Она явно гордилась своим бестолковым подходом к материнству.

– А вот и она! Эй! Эгей! – возликовала Эрика, привстала, восторженно размахивая руками, а затем притихла. – Видели этот убийственный взгляд, которым она меня одарила? Она-то знает, что это худшая шляпа на всем параде. Дайте мне еще шоколадный шарик, пока я не застрелилась.

– Сесилия, ты хорошо себя чувствуешь? – нагнулась к ней Махалия, так что подруга почуяла знакомый мускусный аромат ее духов.

Сесилия посмотрела на нее и поспешно отвела взгляд.

«О нет, не смей надо мной хлопотать, Махалия, с этой твоей гладкой кожей и жемчужно-чистыми белками глаз».

Утром Сесилия заметила, что ее собственные глаза покраснели. Когда человека душат, в глазах ведь тоже лопаются капилляры? И откуда она это знает?
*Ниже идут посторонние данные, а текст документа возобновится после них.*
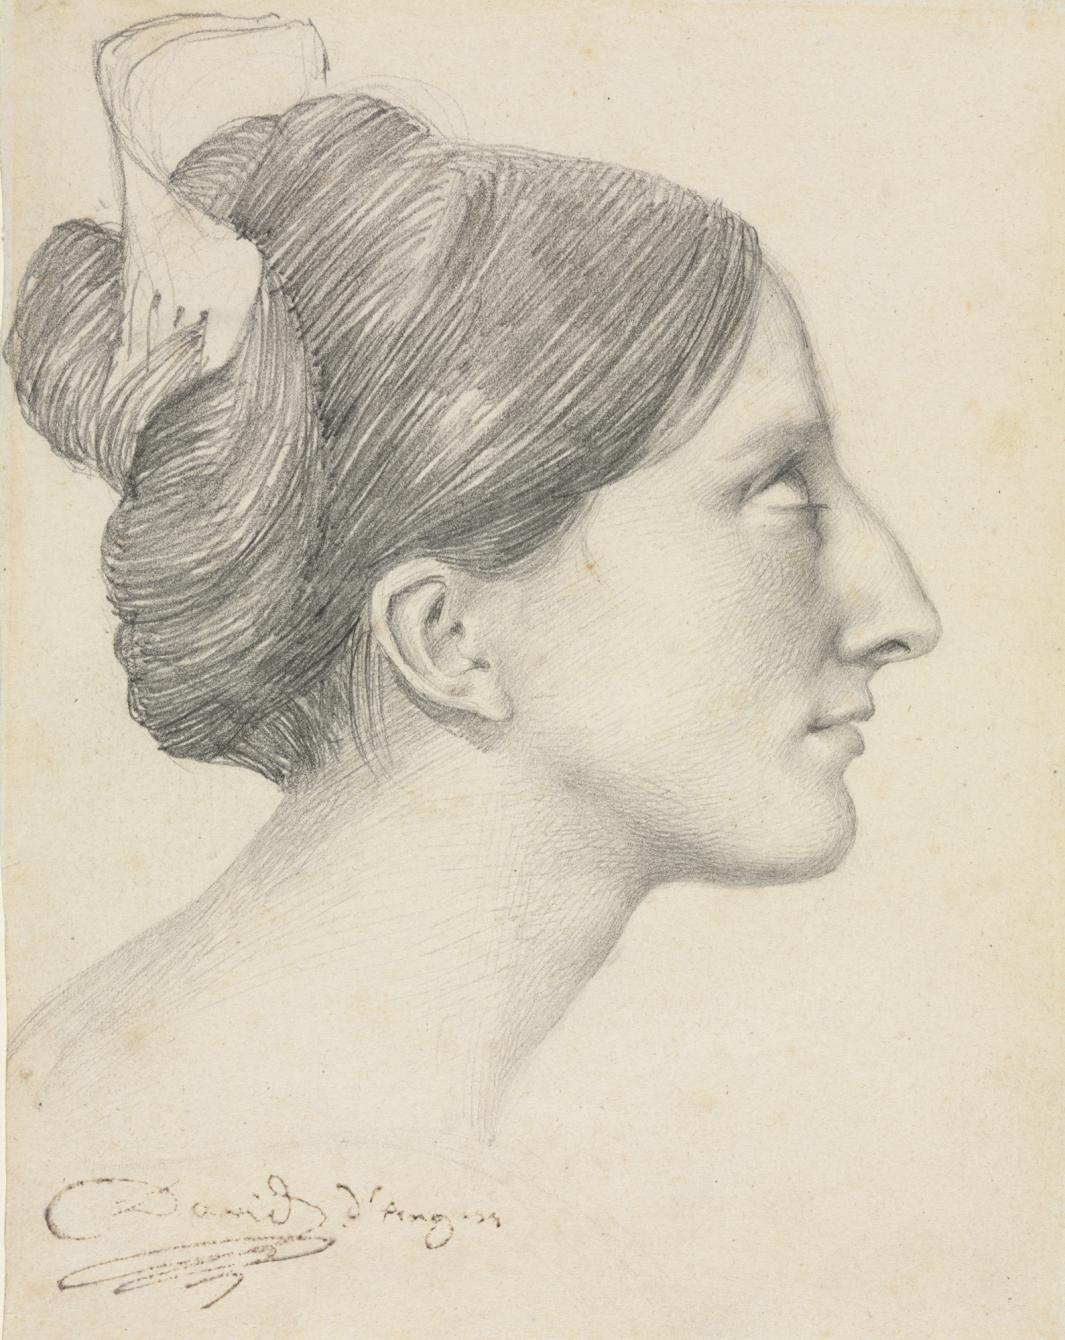 graphite drawing of a woman's head in profile, with hair pulled up

Она содрогнулась.

– Ты дрожишь! – заметила Махалия. – Ветер сегодня просто ледяной.

– Со мной все в порядке, – заверила ее Сесилия. Невыносимое желание довериться кому-нибудь – кому угодно – было схоже с мучительной жаждой. Она прочистила горло. – Возможно, слегка простыла.

– Вот, накинь-ка.

Махалия сняла с шеи шарф и набросила на плечи подруге. Это был красивый шарф, и чудесный запах Махалии расплылся в воздухе вокруг нее.

– Нет, не стоит, – безрезультатно запротестовала Сесилия.

Она точно знала, что посоветовала бы ей Махалия, доверься она ей.

«Все крайне просто, Сесилия: скажи мужу, что у него есть двадцать четыре часа на то, чтобы сознаться, или ты сама пойдешь в полицию. Да, ты любишь мужа, и да, в итоге пострадают твои дети, но это не имеет отношения к делу. Все крайне просто».

Махалия очень любила слово «просто».

– Хрен и чеснок, – произнесла Махалия. – Все просто.

– Что? А, да. От моей простуды. Разумеется. Дома у меня есть немного.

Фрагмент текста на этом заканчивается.